Özellikle Parti ve Devlet'in temel politikalarından biri olan komünlere düzenli polis göndermeyi canlı bir biçimde yansıtan film, idari birimlerin yeniden düzenlenmesi, sahte mallarla, kalitesiz mallarla, kirli gıdalarla mücadele, VNeID'in uygulanması gibi güncel sıcak olaylar bağlamında ele alınıyor. Bunlar, gerçeğe yakın ama ekrana taşınması kolay olmayan konular.
- Polis teşkilatında 10 yıl çalıştınız. Bu, rolünüzde size birçok avantaj sağlamış olmalı?
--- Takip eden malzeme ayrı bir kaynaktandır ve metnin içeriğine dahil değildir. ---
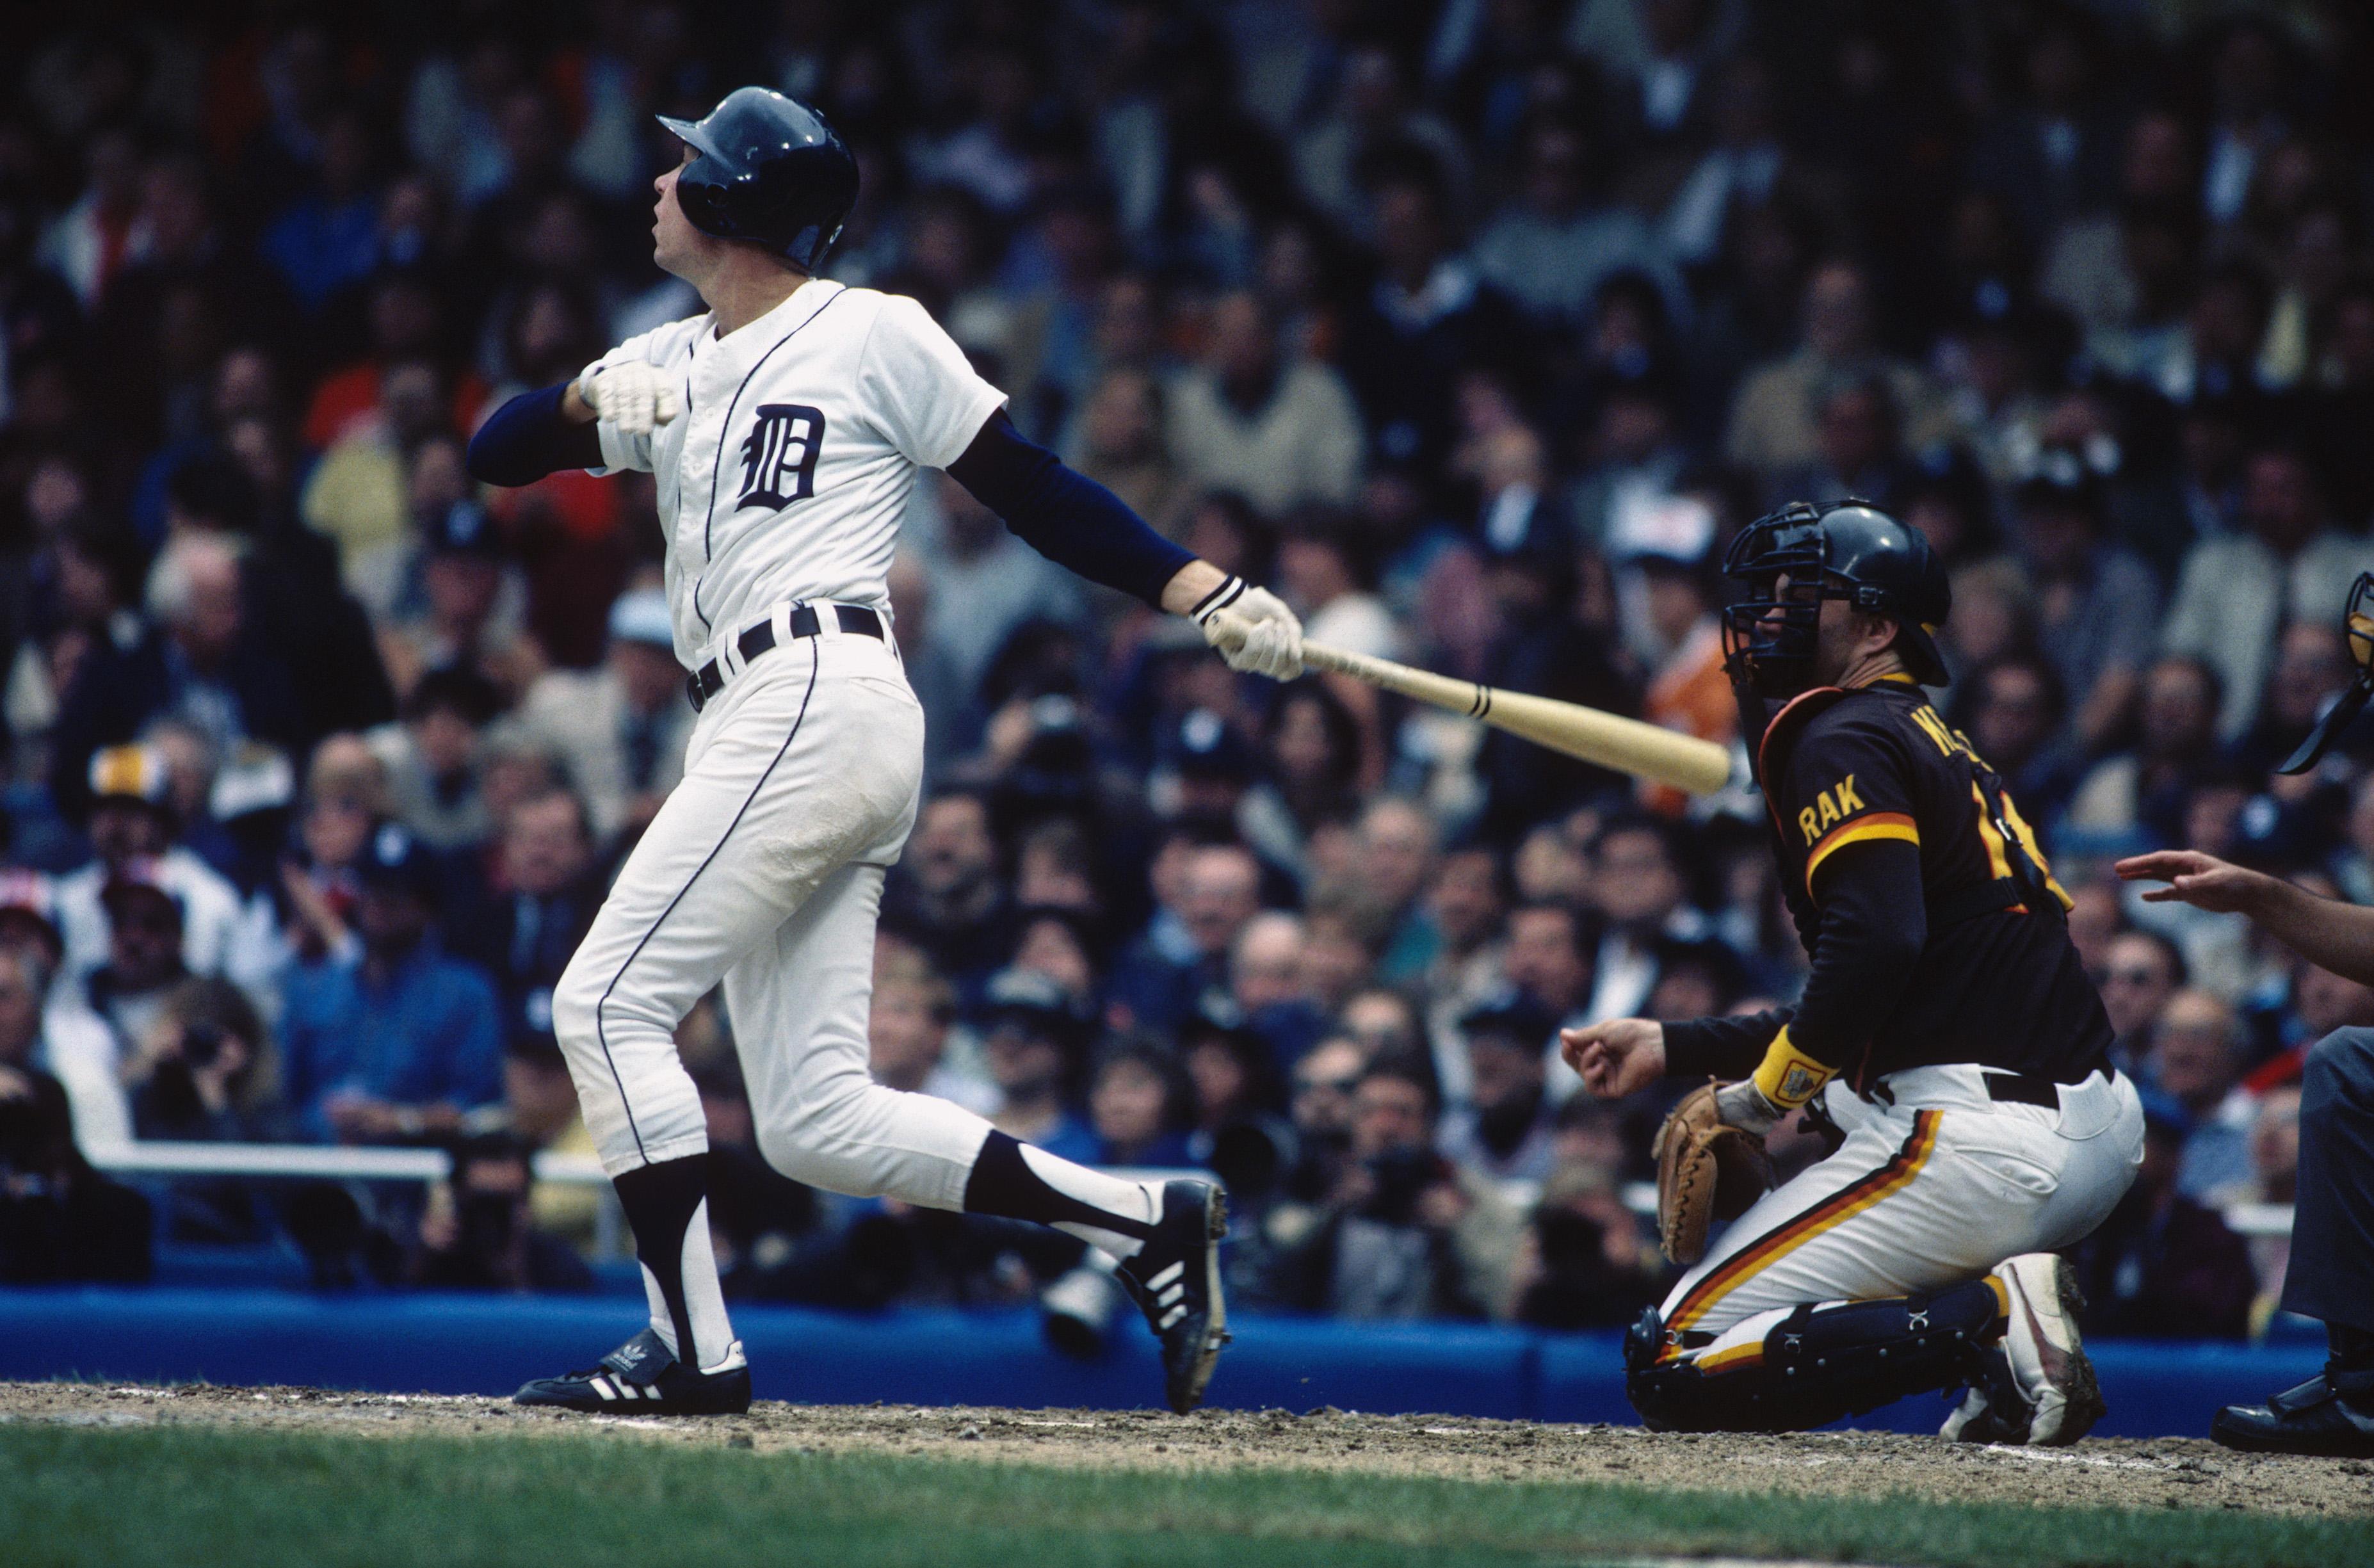 1984 World Series - Tigers v Padres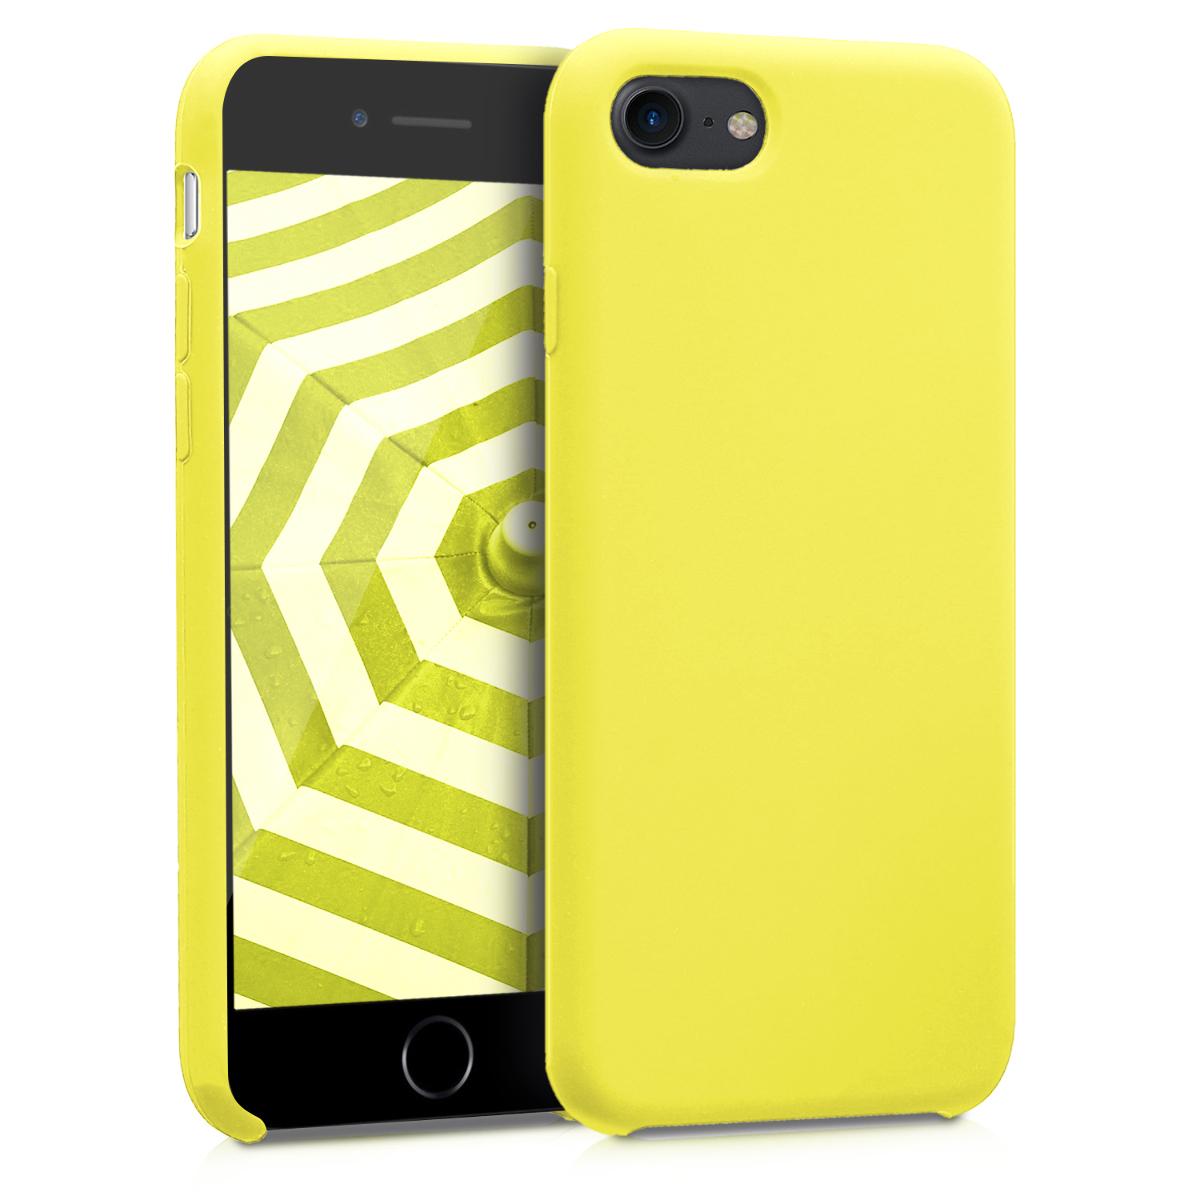 KW Soft Flexible Rubber Θήκη Σιλικόνης iPhone 7 / 8 - Neon Κίτρινο (40225.75)

- Sektörde 10 yıllık deneyimim olduğu doğru, ancak bu deneyim ağırlıklı olarak ritüeller, kültür ve sahne sanatları alanlarında. Toplumsal polislik konusunda derin bir uzmanlığım yok ve tabandaki insanların yaşamlarıyla çok az doğrudan temasım var. Huy rolünü oynadığımda, tabandaki polis gücünün zorluklarını, sıkıntılarını ve baskılarını gerçekten anladım. Onlar, halka en yakın kişiler; tüm günlük sorunları çözmek ve kanunu hem makul hem de duygusal bir şekilde uygulamak zorundalar. "Seninle orada barış var", izleyicinin onların sessiz ama zorlu çalışmalarına daha net bir bakış açısı kazanmasına yardımcı olacak.
- Peki bir komün polis memuruna dönüşmek sizin için gerçekten bir zorluk mu?
- Birçok zorlukla karşılaştım. Bir komün polis memurunun insanlarla, meslektaşlarıyla veya yerel yetkililerle nasıl konuştuğuna aşina değildim. Her şeyin en başından öğrenilmesi gerekiyordu. Neyse ki yönetmen, Meritorious Artist Danh Dung beni dikkatlice yönlendirdi ve özellikle polis teşkilatı, ifade etmem gereken nüansları ve dili yavaş yavaş kavramama yardımcı olarak büyük bir profesyonel destek sağladı. Ritmi yakaladıktan sonra her şey daha doğal hale geldi.
- Bu aynı zamanda VTV1'de yayınlanan bir politik dramadaki ilk başrolünüz mü?
- Evet, bu yüzden üzerimde büyük bir baskı vardı, öyle ki yarım ay boyunca ne yemek yiyebildim ne de uyuyabildim. Bu, şimdiye kadar oynadığım en zor rol. Polis memuru olmak zor, komün polis memuru olmak ise yoğun iş yükü ve bölgede istikrarı sağlamak için bunu ustalıkla idare etmek zorunda olmam nedeniyle daha da zor. Bu baskı, ekibin ve seyircinin güvenini boşa çıkarmamak için kendime her zaman iki kat daha fazla çalışmam gerektiğini hatırlatıyor.
- Film, ülkenin birçok önemli siyasi görev üstlendiği günümüzde geçiyor. Bu güncel olay unsurunun ne kadar çekici olduğunu düşünüyorsunuz?
- Bence bu büyük bir artı. Filmin hikâyesi gerçekçi ve Parti ile Devlet'in komünlere düzenli polis gönderme, idari birimleri yeniden düzenleme gibi temel politikalarını yansıttığında, izleyici bu yakınlığı ve güncelliği açıkça hissedecektir. Ancak, doğru şekilde yapılmadığında, sloganlara ve katılığa kapılmak kolaydır. "Seninle barış var"ın, izleyicinin duygusal ritmini kaybetmeden mesajı iletmek için yeterli olacak kadar basit ve nazik bir yaklaşım seçtiğine inanıyorum.
- Çekimler sırasında sizin için unutulmaz bir an oldu mu?
- Bu rolde çok sayıda dokunaklı sahne var, bu yüzden çekimler sırasında yırtık kıyafetler gibi nadir görülen birçok "kaza" yaşandı. Ama yine de bu rolü "çok mutlu" buldum çünkü kendimi karaktere tamamen kaptırabildim, toplumsal polis teşkilatına çok farklı bir bakış açısıyla bakabildim ve daha önce hiç oynamadığım bir türde kendimi zorladım.
- Oyuncu Tuan Tu'ya içten teşekkürler!